Gain insights into when to prefer simple imputation techniques (mean, median) versus more advanced methods (KNN, regression, MICE, STL).
Recognize how to implement these methods using common Python libraries and functions.
Develop the ability to choose the most appropriate missing data handling technique for a given dataset and analysis goal.
Identifying and Handling Missing Data
- Missing data occurs when values are not stored for certain observations in a dataset.
- Unhandled missing data can lead to biased analyses, reduced statistical power, and potentially incorrect conclusions.
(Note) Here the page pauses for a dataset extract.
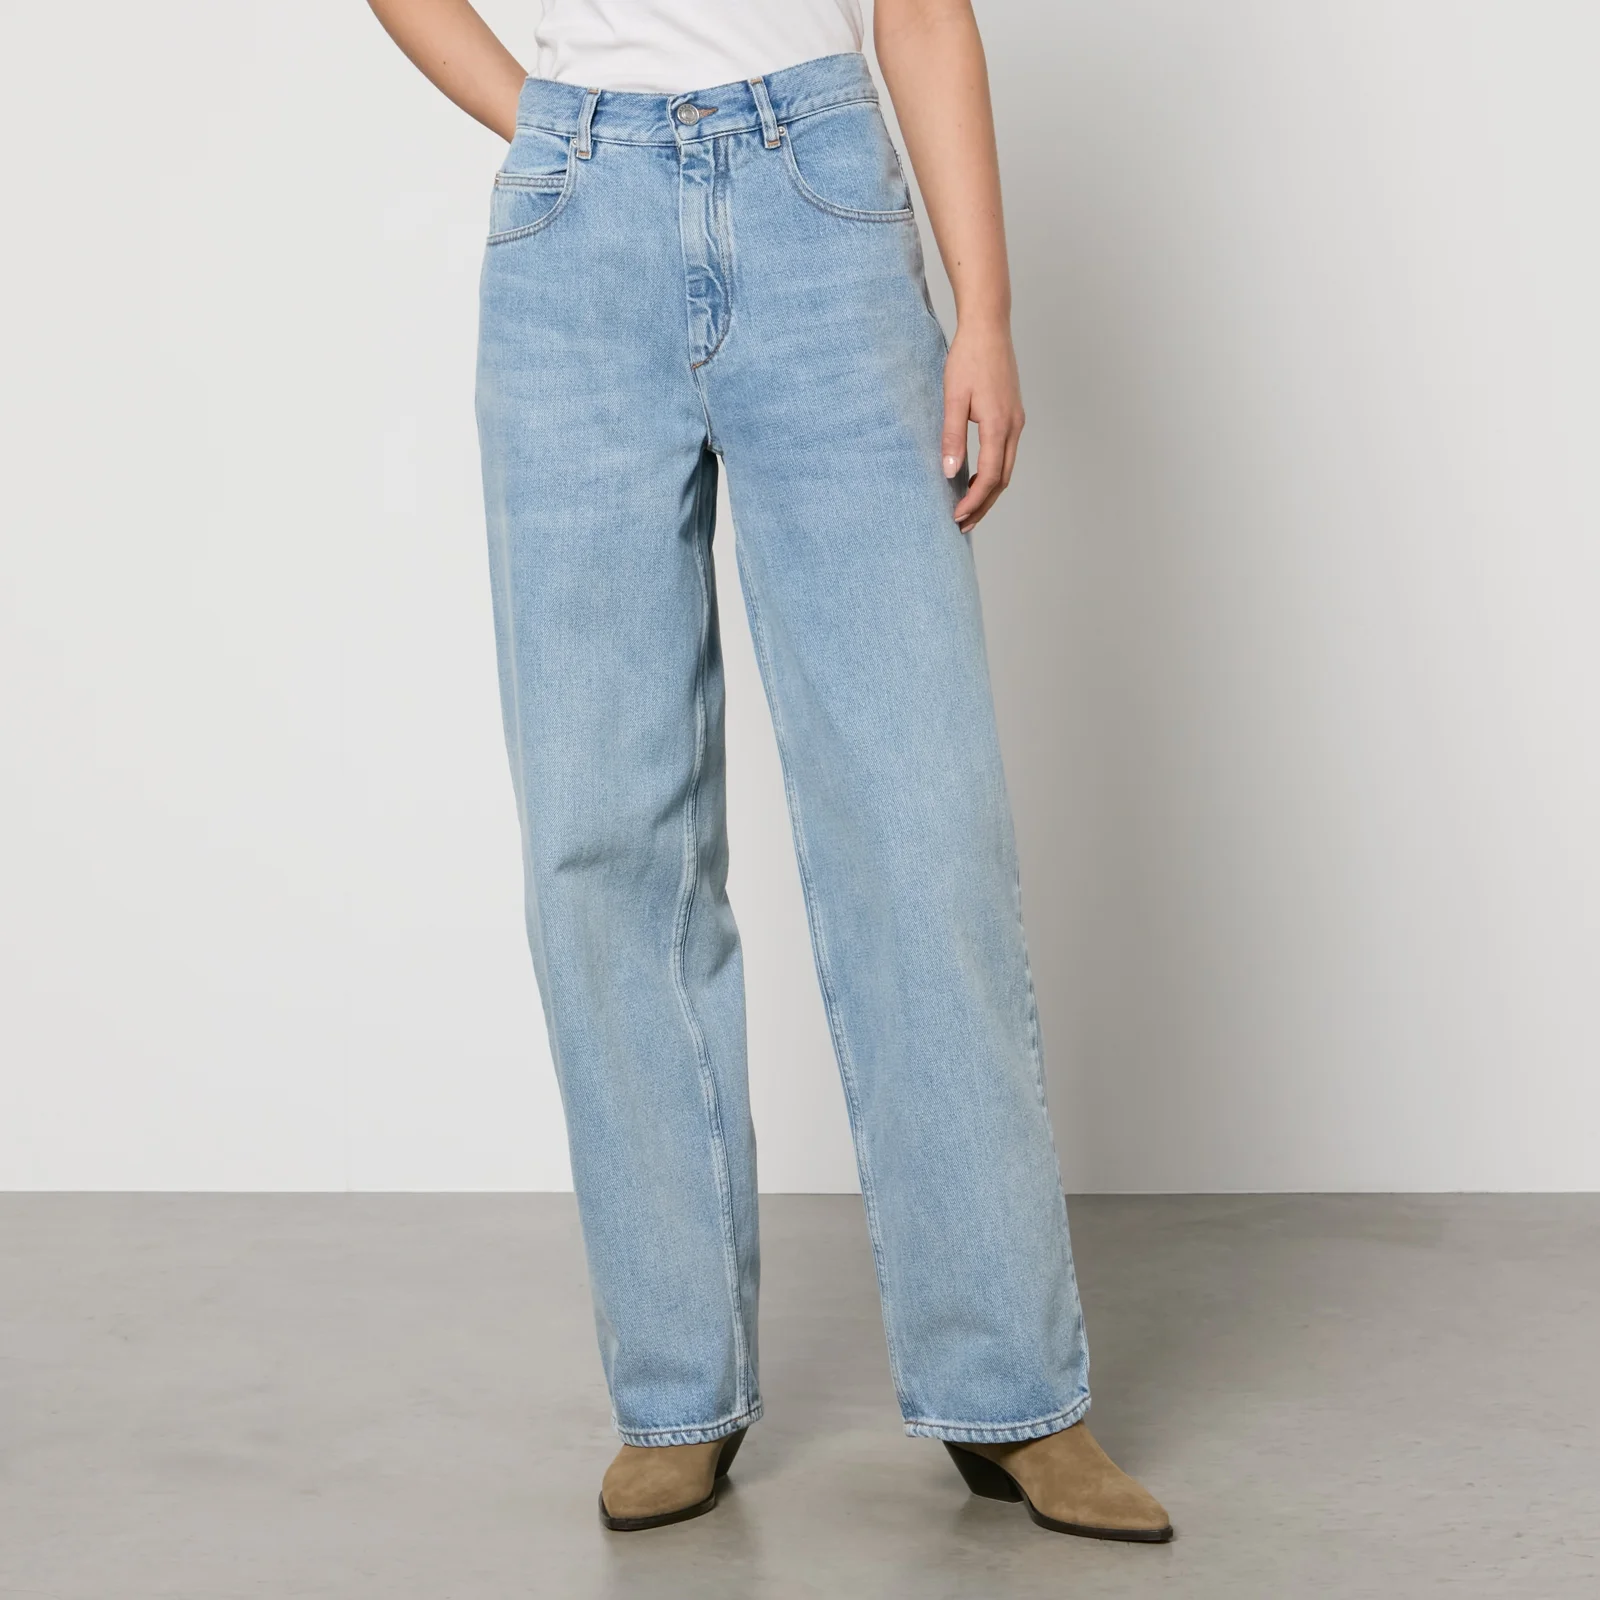 Marant Etoile Joanny Denim Jeans Image 1

Proper handling ensures more reliable insights.
Approaches to Handling Missing Data
- Deletion: Remove any row or observation that contains at least one missing value.
- Pros:
- Easy to implement.
- Cons:
- May result in significant data loss, reducing sample size.
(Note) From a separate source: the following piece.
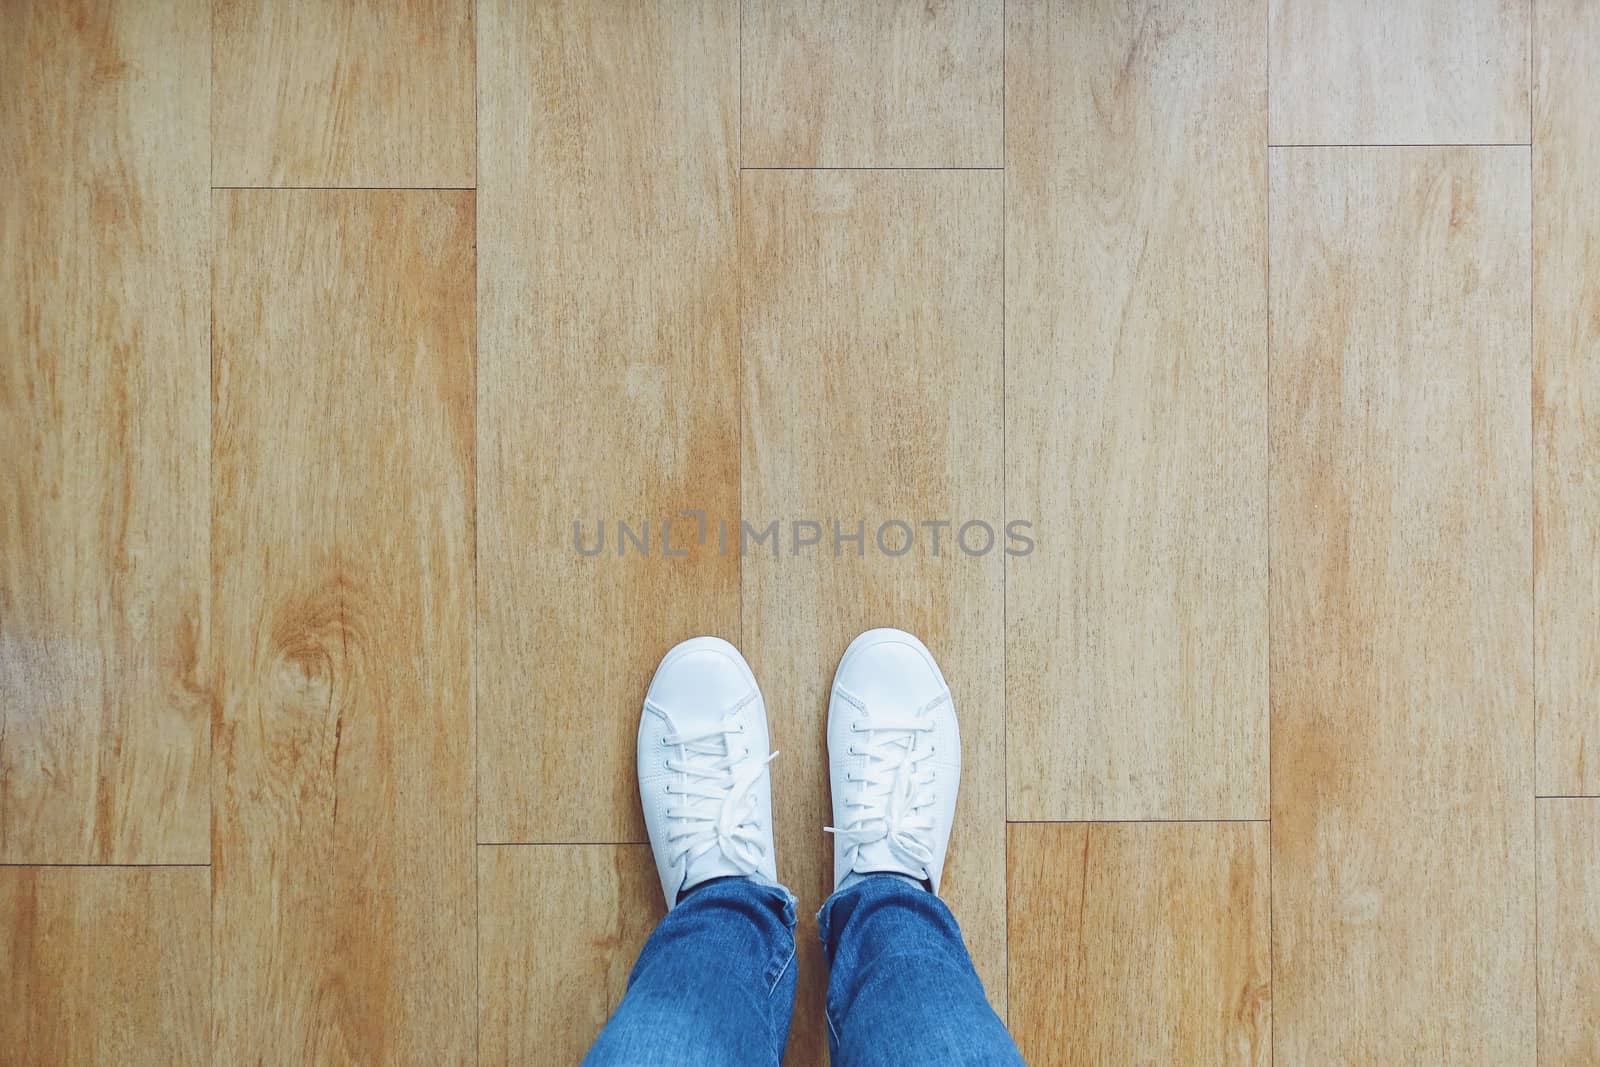 Selfie of feet in fashion sneakers on wooden floor background, t by nuchylee

- Can lead to biased results.
- Provides no insight into why data are missing.
- Pros:
- Imputation: Replace missing values with estimated values derived from the available data.
- Why Impute?: Preserves dataset size, potentially reduces bias, and retains the integrity of relationships among variables (if done correctly).
Common Imputation Techniques
- Basic Methods
- Pandas Functions (fillna)
- Mean, Median, & Mode Imputation
- Time-Series Oriented Approaches
- Forward or Backward Fill
- Interpolation Methods
- Linear Interpolation
- Polynomial Interpolation
- Spline Interpolation
- Model-Based Methods
- Regression Imputation
- K-Nearest Neighbors (KNN) Imputation
- Multiple Imputation by Chained Equations (MICE)
- Seasonal Trend Decomposition using Loess (STL) Imputation
Agenda
-
Assessing Missing Data
- Using Python (pandas) to identify missing values (isnull(), info())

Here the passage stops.